Studio album by Charlie Robison
- Released: September 21, 2004
- Studio: Bismeaux Studios and Boar's Nest Studio, Austin, TX
- Genre: Country
- Length: 47:40
- Label: Dualtone Records
- Producer: Lloyd Maines; Charlie Robison;

Charlie Robison chronology
| Live (2003) | Good Times (2004) | Beautiful Day (2009) |

= Good Times (Charlie Robison album) =

Good Times is the fifth solo studio album by Charlie Robison, released on September 21, 2004. It is his seventh album, overall, including a live album, appropriately titled Live, as well as a collaborate effort with Jack Ingram and Charlie's brother, Bruce Robison, titled Unleashed Live.
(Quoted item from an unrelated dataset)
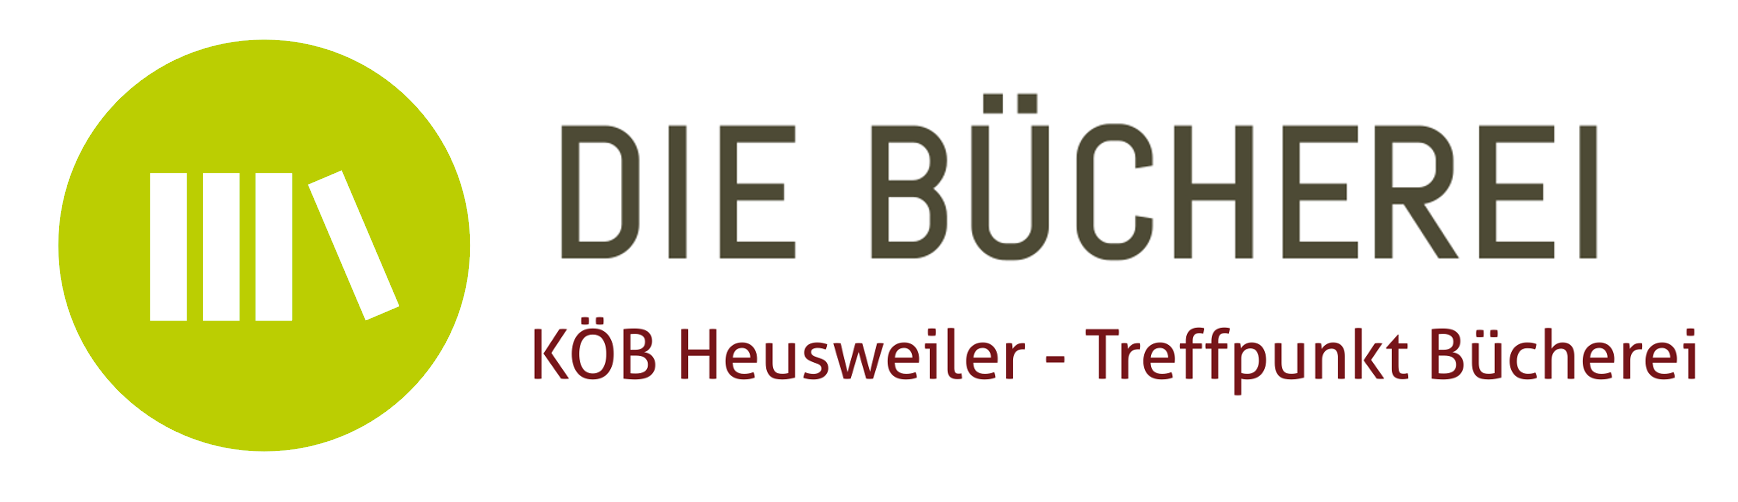 Die BÜCHEREI Koeb-Heusweiler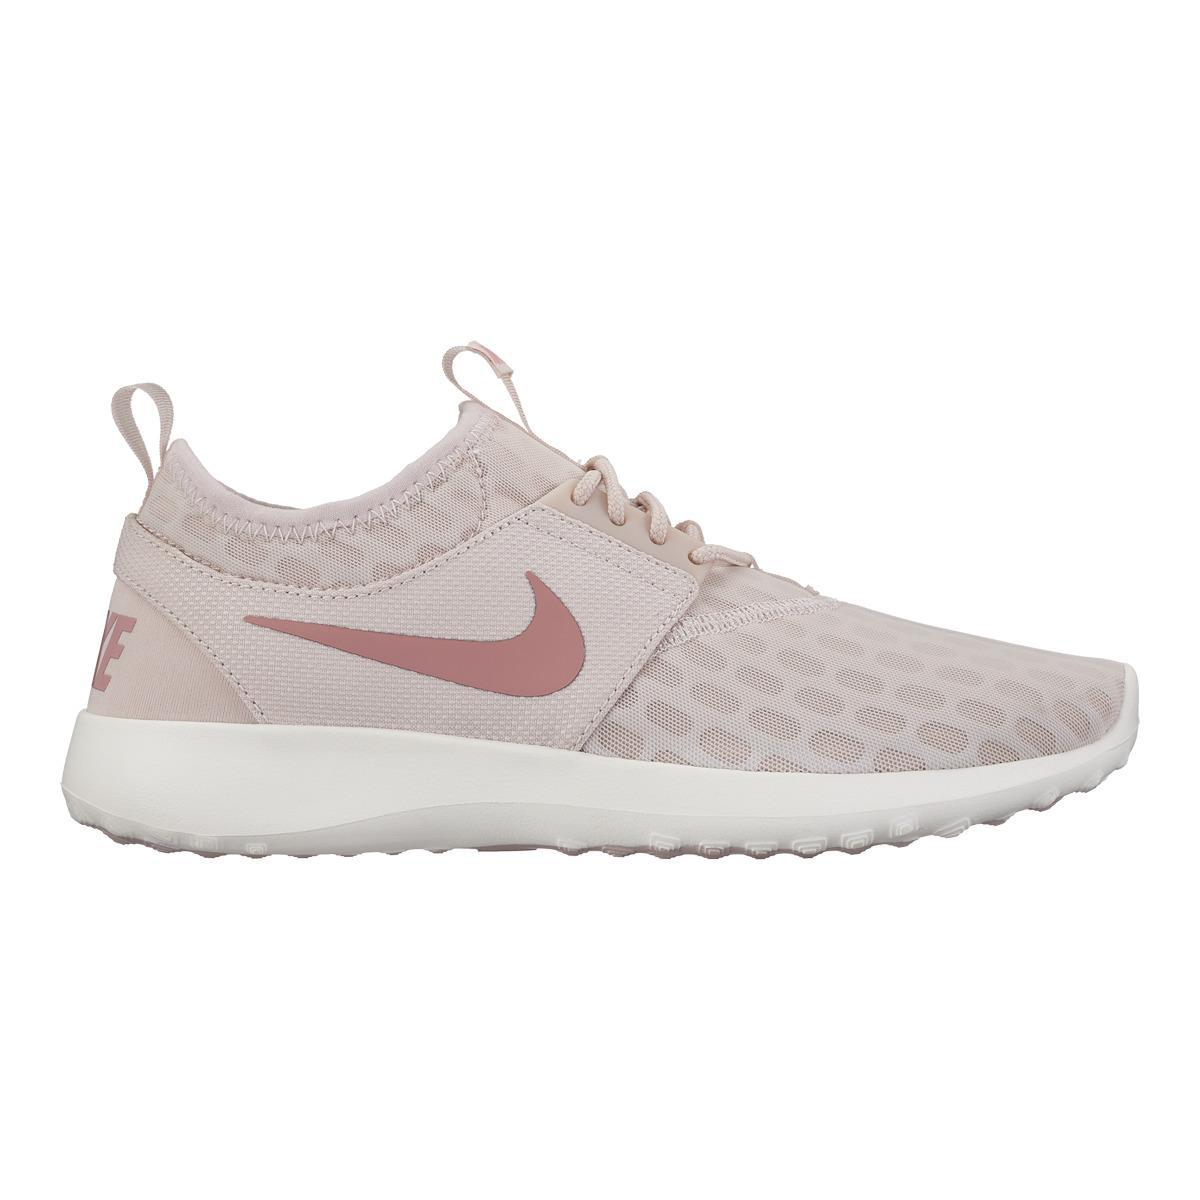 best website 03b15 a0d5a Lyst - Nike Juvenate Casualwear Trainers in Pink

Good Times peaked at No. 52 on the Billboard Top Country Albums chart.

==Critical reception==

Ronnie D. Lankford, Jr. of AllMusic says, "Robison isn't a mainstream country singer, but seems like he's playing country music because it's part of who he is and how he thinks, not because a friend loaned him a George Jones album in college."

Hank Kalet of PopMatters rates this album a 7 and writes, "Throughout, there is an ominous shadow cast that makes the good times seem a desperate attempt to keep away the blues. There is sadness and there are good times and they mingle, inform each other, change each other."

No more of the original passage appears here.